This study is currently recruiting patients.
Verified by ZARS, Inc. July 2005

Sponsored by: ZARS, Inc.
Information provided by: ZARS, Inc.
ClinicalTrials.gov Identifier: NCT00125255

Purpose

The pain associated with medical procedures is often under-treated in children. Children often undergo painful procedures with little or no anesthetic, even when effective therapy is available. Reasons for not providing available therapy in children include concerns over adverse side effects as well as the length of time necessary to provide adequate anesthesia. Recent guidelines strongly advocate for the proactive treatment of pain in children, including the pain associated with medical procedures.

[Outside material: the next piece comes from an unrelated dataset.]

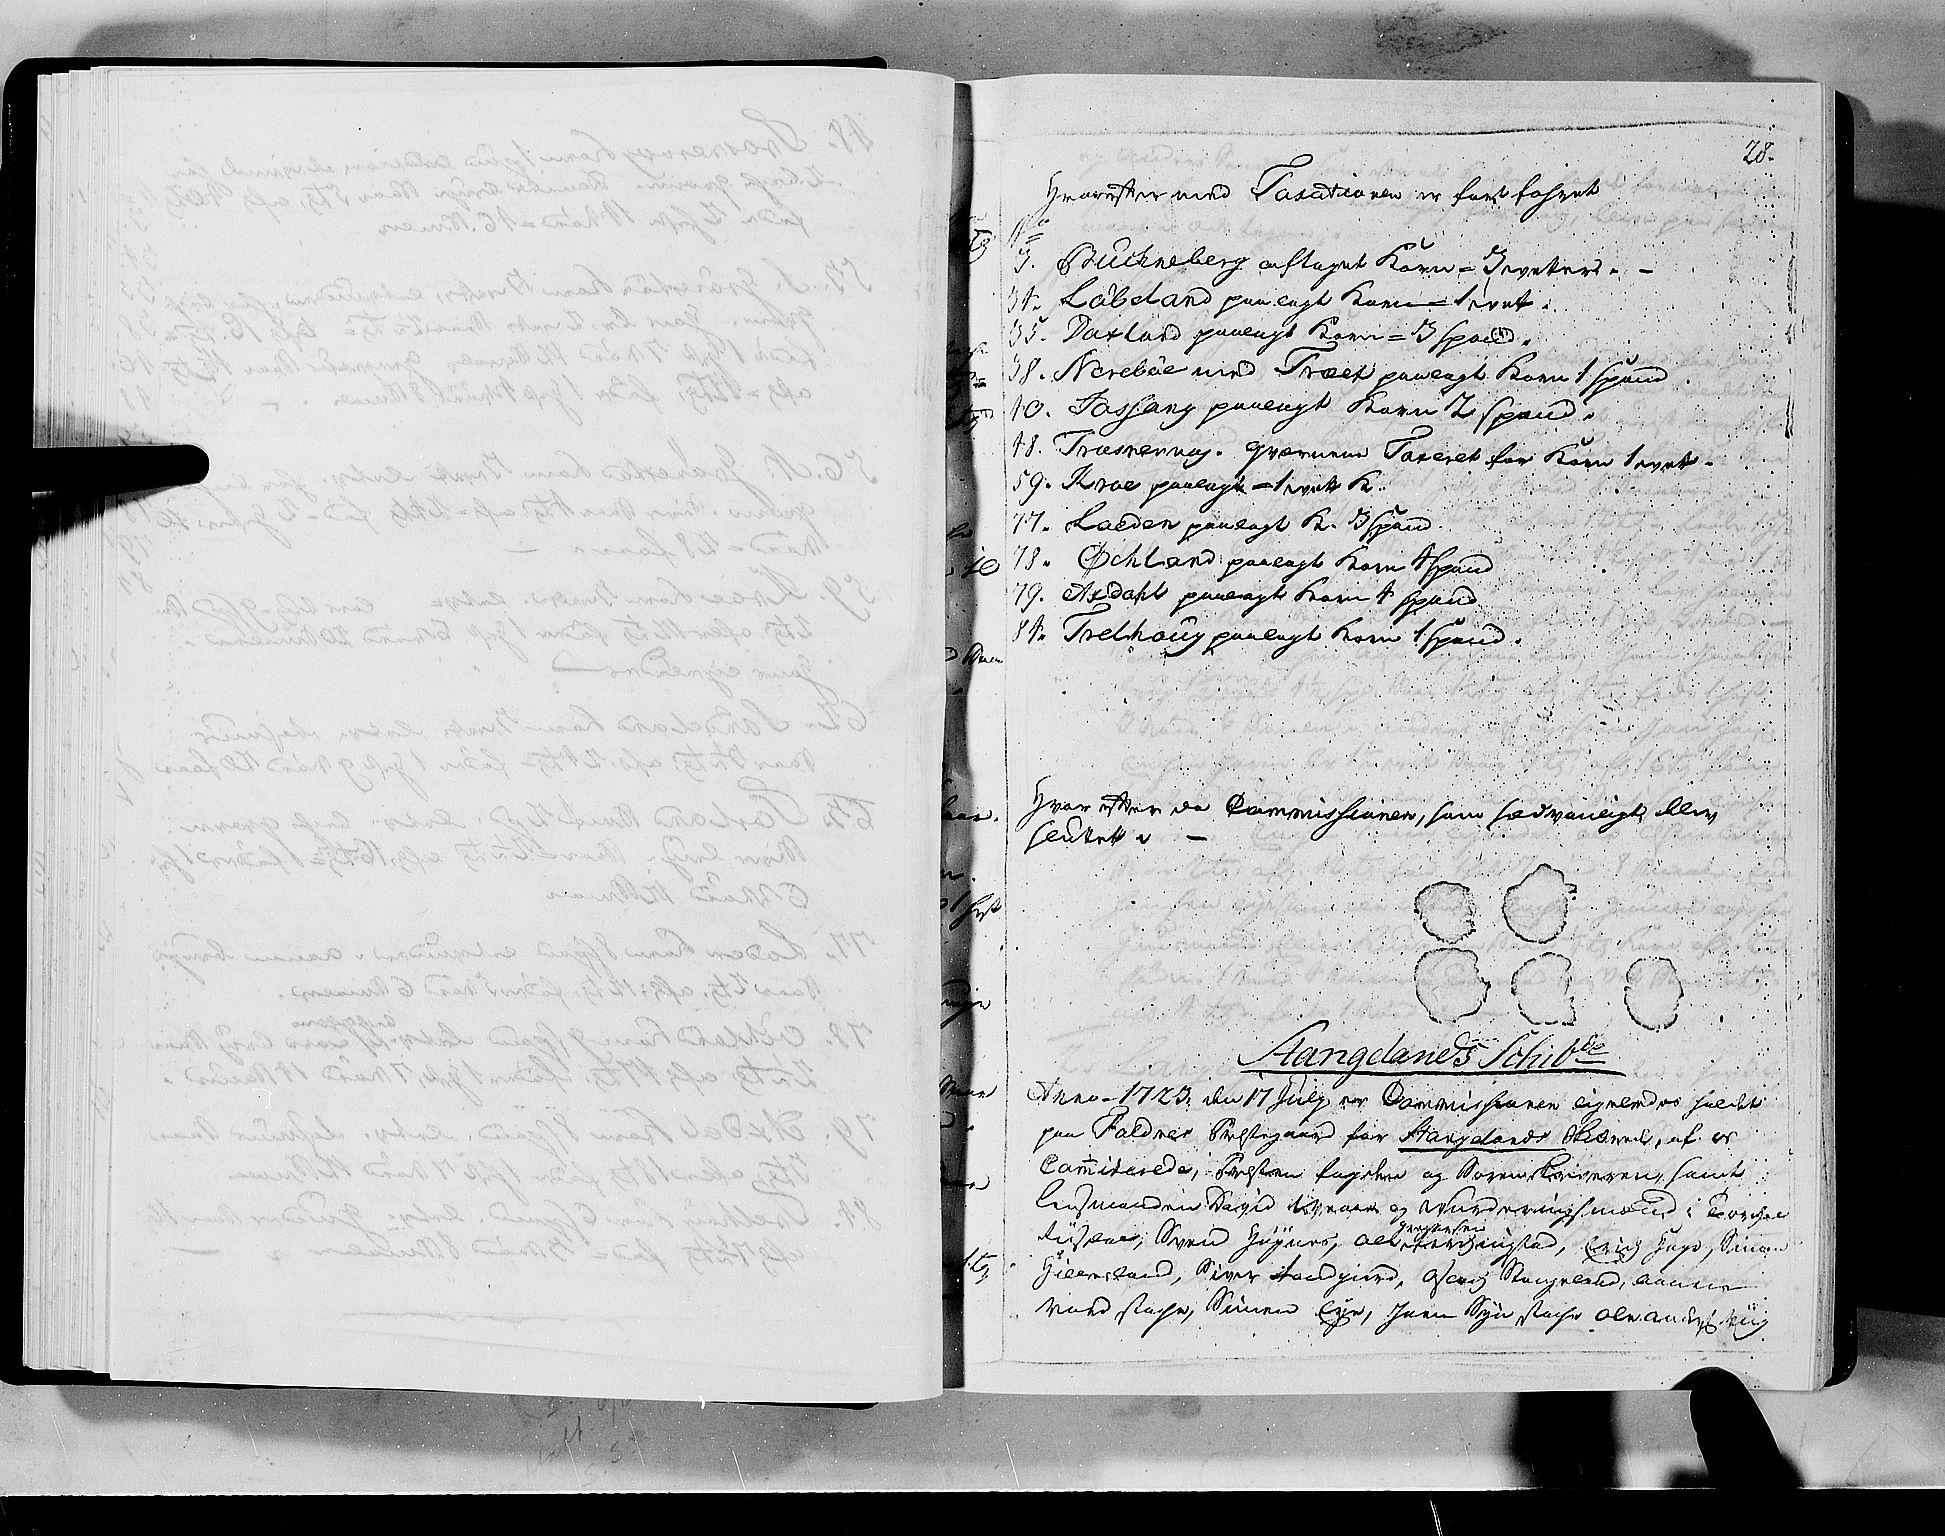 RA, Rentekammeret inntil 1814, Realistisk ordnet avdeling, N/Nb/Nbf/L0133a: Ryfylke eksaminasjonsprotokoll, 1723, s. 28a

S-Caine™ Peel (lidocaine 7% and tetracaine 7% cream) is a eutectic formulation of lidocaine and tetracaine. The purpose of this study is to evaluate whether S-Caine Peel is effective in providing topical local dermal anesthesia prior to a vascular access procedure in children 5 through 17 years of age.

Condition Intervention Phase
Pain
 Drug: S-Caine™ Peel (lidocaine and tetracaine cream 7%/7%)
Phase III

MedlinePlus related topics:  Pain

Study Type: Interventional
Study Design: Treatment, Randomized, Double-Blind, Placebo Control, Single Group Assignment, Safety/Efficacy Study

Official Title: A Randomized, Double-Blind, Placebo Controlled, Parallel Study Evaluating the Efficacy of S-Caine™ Peel (Lidocaine 7% and Tetracaine 7% Cream) for Induction of Local Dermal Anesthesia Before Vascular Access Procedures in Children

Further Study Details: 
Primary Outcomes: To evaluate the efficacy of S-Caine Peel in providing local dermal anesthesia before a venous vascular access procedure in children 5 through 17 years of age.
Secondary Outcomes: To monitor the nature and frequency of adverse events (AEs) associated with the application of S-Caine Peel.
Expected Total Enrollment:  80

Study start: June 2005

Eligibility

Ages Eligible for Study:  5 Years   -   17 Years,  Genders Eligible for Study:  Both
Criteria

Inclusion Criteria:

  • Patient is 5 through 17 years of age.
  • Patient has a medical indication to undergo a venous vascular access procedure (excluding PICC lines) on the antecubital surface.

Exclusion Criteria:

  • Patient is pregnant or breastfeeding.
  • Patient has participated in a clinical trial of an unapproved drug within the previous 30 days.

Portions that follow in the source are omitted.